3. Write a heart-felt letter to MBIE asking for permission to self-isolate at home. Provide basic information, such as:
i) that you are a New Zealand citizen, and not a citizen or resident of any other country, and give your date of birth and passport information;
ii) your planned flight details, including your arrival details – either expected or actual date and time of arrival in New Zealand and the flight number;
iii) the city you’re will arrive at (Auckland), the country you left from, and all the airports you’ll transit in;
iv) when, if at all, you have had Covid and when you recovered;
v) that you are double-vaccinated, preferably with the Pfizer vaccine, and at least two weeks ago but no longer than six months ago, and provide evidence of that;
vi) the address in Auckland where you can self-isolate away from other members of that household;
vii) your Auckland GP or the Auckland GP you will approach to keep in touch with;
viii) that you will sign a statutory declaration you will not be in close contact with anyone while in self-isolation; and
ix) that you will submit to any type of surveillance MBIE requires for up to two weeks, including, for example, an electronic ankle bracelet.
4. Check you address the six tests in par 77 of Bolton v MBIE. That is, mention or discuss:
i) the need, as you see it, to return home, perhaps mentioning things like:
a) you have run out of money where you are, or staying there is costing you an unreasonable amount;
b) your visa has expired and you are currently living illegally wherever you are, solely as a consequence of the New Zealand Government’s policies;
c) you have a desperate family need to return home (ageing or dying relatives);
d) your mental health is at risk because of the above, or because you are profoundly lonely; …
e) etc etc
ii) your right to enjoy the rights conferred by the New Zealand Bill of Rights Act 1990, including the right to freedom of movement and as citizens to enter New Zealand without unreasonable limitation;
iii) your need to avoid the risk of contracting COVID-19 at an MIQ facility, including in view of any characteristics that may make you especially vulnerable to COVID-19, including age;
iv) the precautions you’ll take or other conditions that you will accept may be imposed on you (see 3, vi – ix above)
v) your vaccination status (see 3 iv and v above); and
vi) the prevailing circumstances within the community at the present time (including the latest number of people being allowed to self-isolate in Auckland, that you can get under the “Auckland Update” section of the Ministry of Health’s latest daily Covid media statement).

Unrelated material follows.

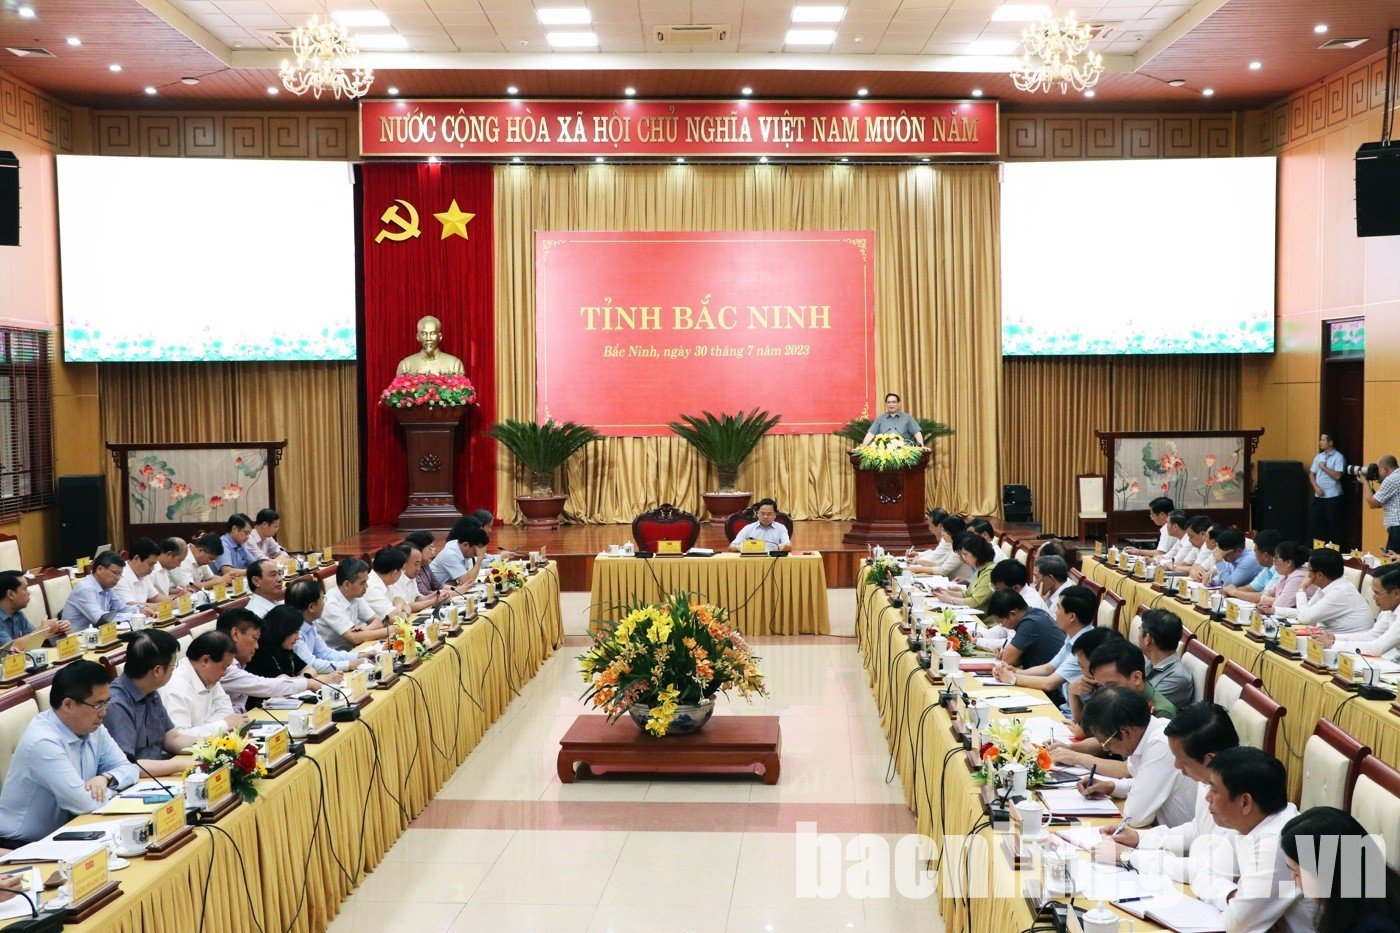 Thủ tướng Chính phủ Phạm Minh Chính làm việc với tỉnh Bắc Ninh

6. Emphasise you need a decision within three working days, because your travel plans need to be confirmed and paid for by then, and that you hope it won’t be necessary to take the matter to the High Court, the media or the Opposition.
7. Get your lawyer to check that your letter covers everything – but make it a personal plea at this stage rather than a formal lawyer's letter.
8. Send the letter off to [email protected] and call MBIE on +6449315720 until you speak to someone who can confirm the letter is being dealt with urgently.
9. Wait three working days. If you are turned down or don’t hear from them, instruct your lawyer to sue the bastards. You’ll win. They know you’ll win. So they should quickly back down.
10. Confirm your flights and look forward to seeing your friends and families as soon as you are out of self-isolation in less than two weeks.
Good luck! And see you back in Aotearoa New Zealand very soon!